Looking To The Future
So now I have, for the first time, a good reason to use Home Assistant and to play around with it a bit. I actually have interesting “connected home” ideas to go with it — but they mostly rely on getting the pantograph windows working, as they don’t seem currently to be opening at all.
If I’m correct in my understanding, we’ll need to get the building managers to come and fix the electronic controls, in which case I’ll ask for something I can control somehow. And then it should be possible to have Home Assistant open the windows in the morning, assuming it’s not raining and the temperature is such that a bit of fresh air would be welcome (which is most of the summer, here).

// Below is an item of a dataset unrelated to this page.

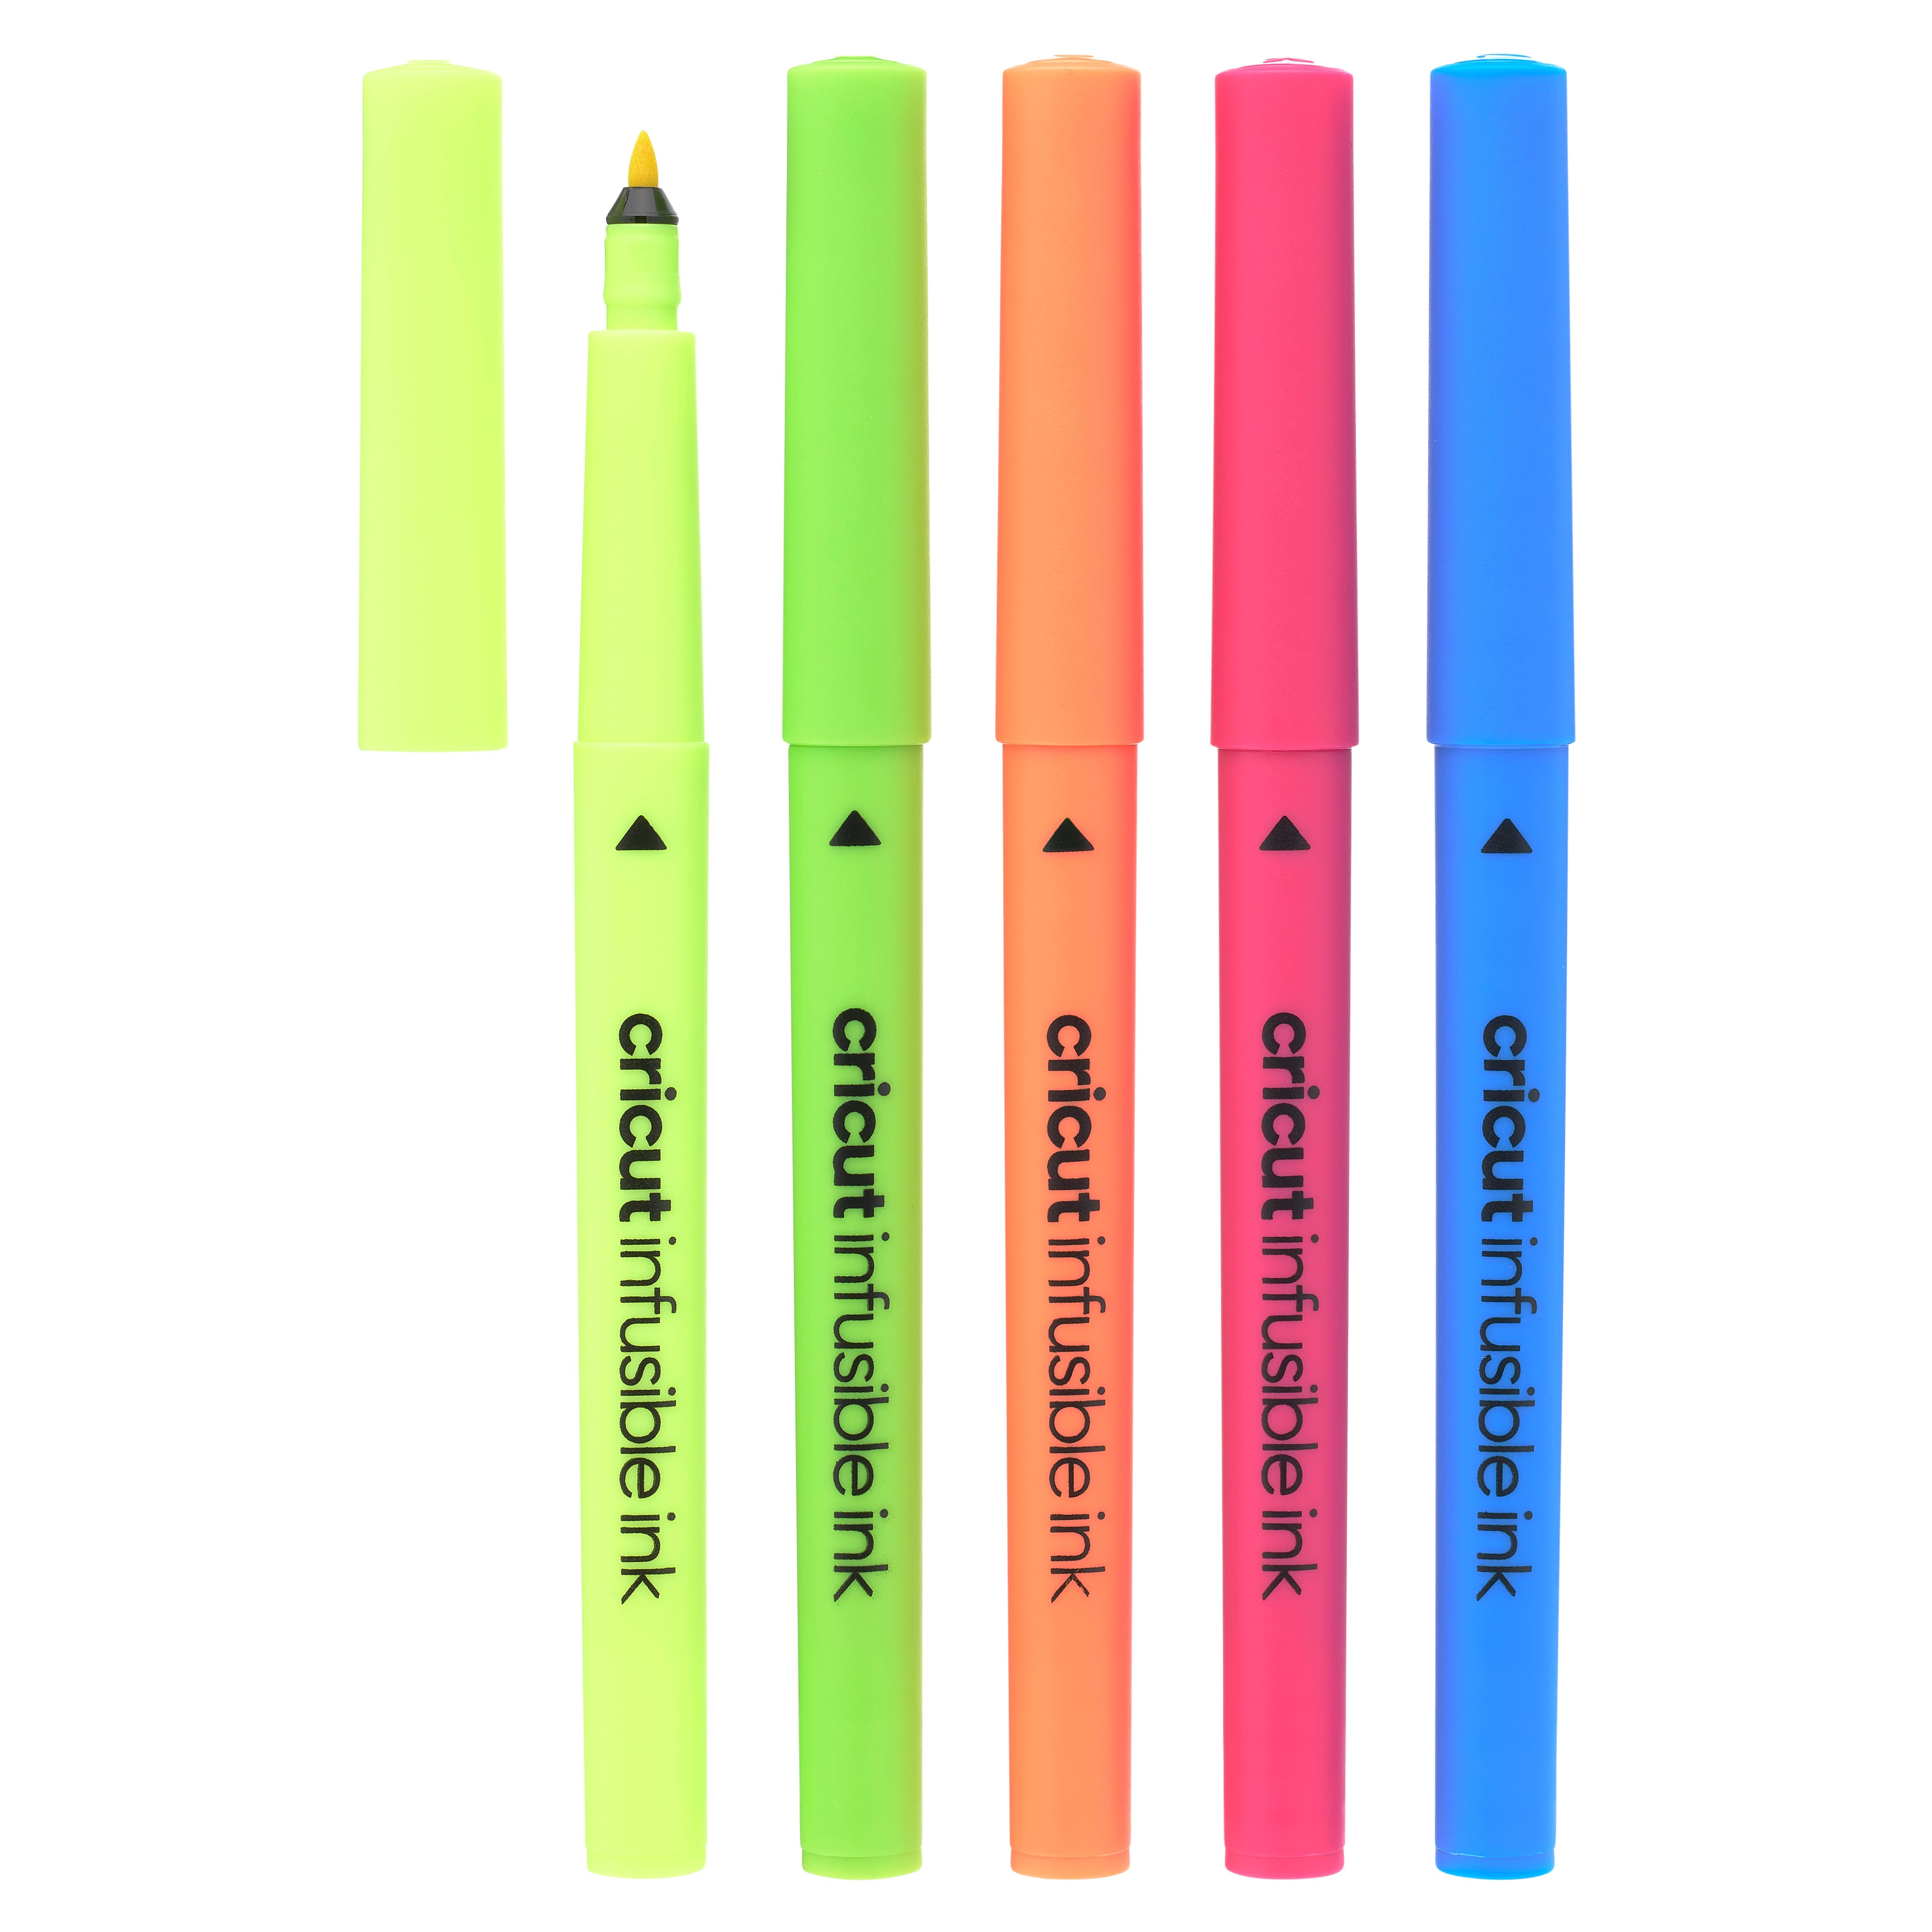 Cricut Infusible Ink Markers Pens Neon 1.0 and Basic Lot of 2 packs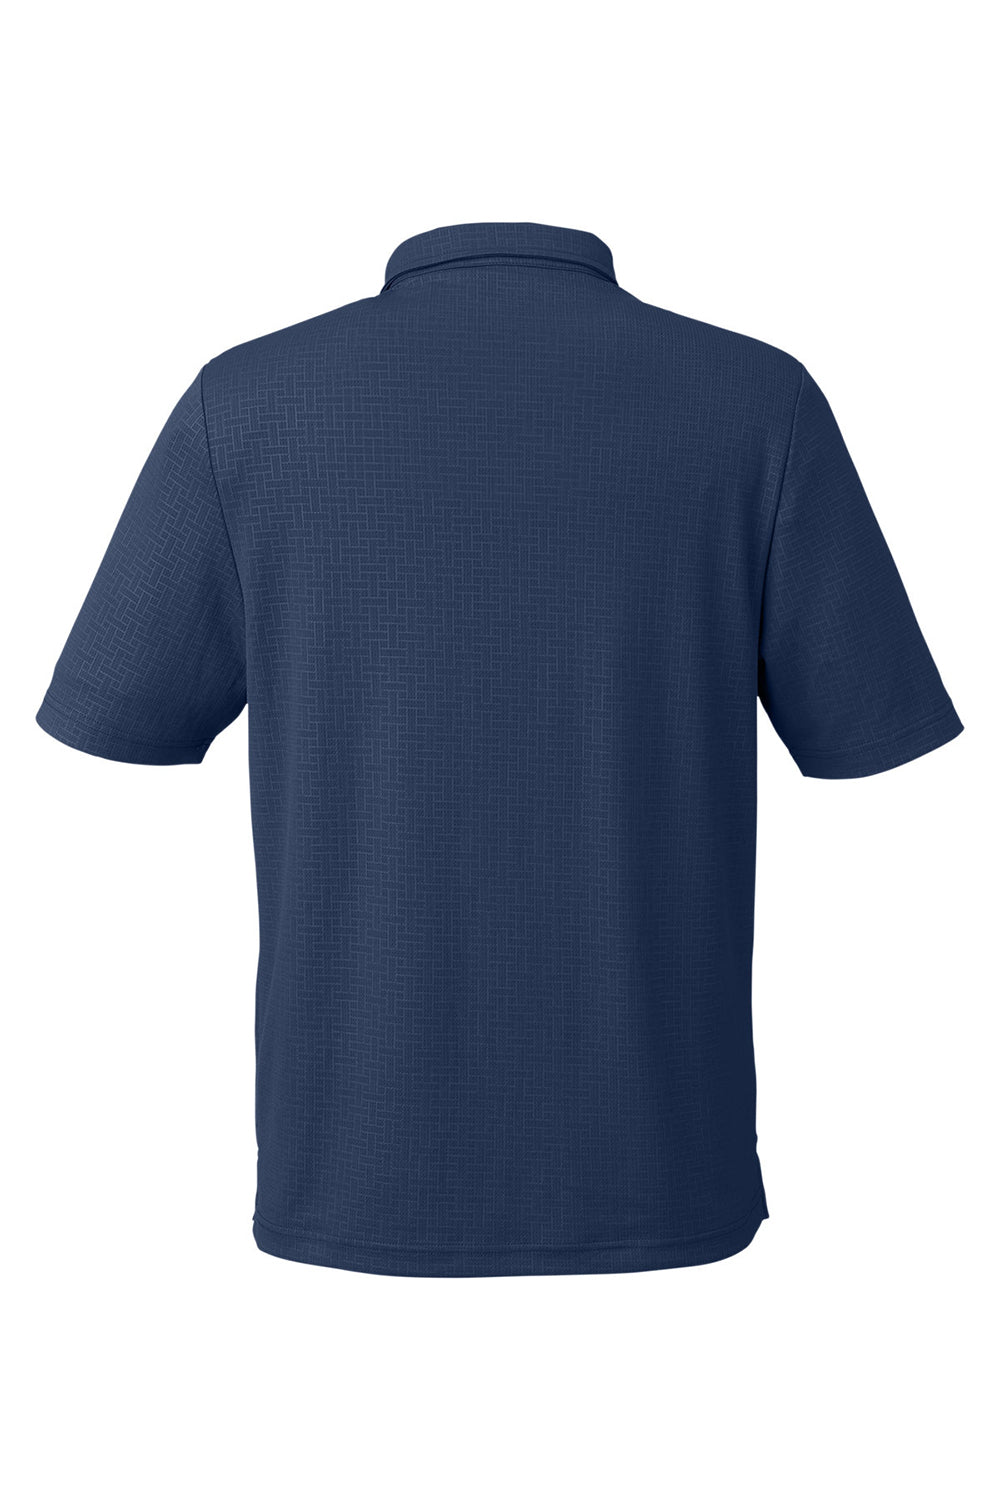 North End NE102 Mens Replay Recycled Short Sleeve Polo Shirt Classic Navy Blue Flat Back

It also gives me a bit more of an incentive to finish my acrylic lamps work — it would be easy, I think, to use one of those as a BLE bridge that just happens to have a NeoPixel output channel. And if I’m going “all in” to wire stuff into Home Assistant, it would also allow me to use the acrylic lamps as a way to signal for stuff.
So possibly expect a bit more noise on this front from me, either here or on Twitter.
Update 2020-12-06: The sensors I wrote about above are an older firmware CGG1 sensors that don’t use encryption. There appear to be a newer version out that does use encryption, and thus require extracting a bind key.
Please follow the reported issue for updates.
Update 2021-06-26: I forgot to update this, but ESPHome 1.17.1 and later support encrypted CGG1 out of the box as my pull request was merged.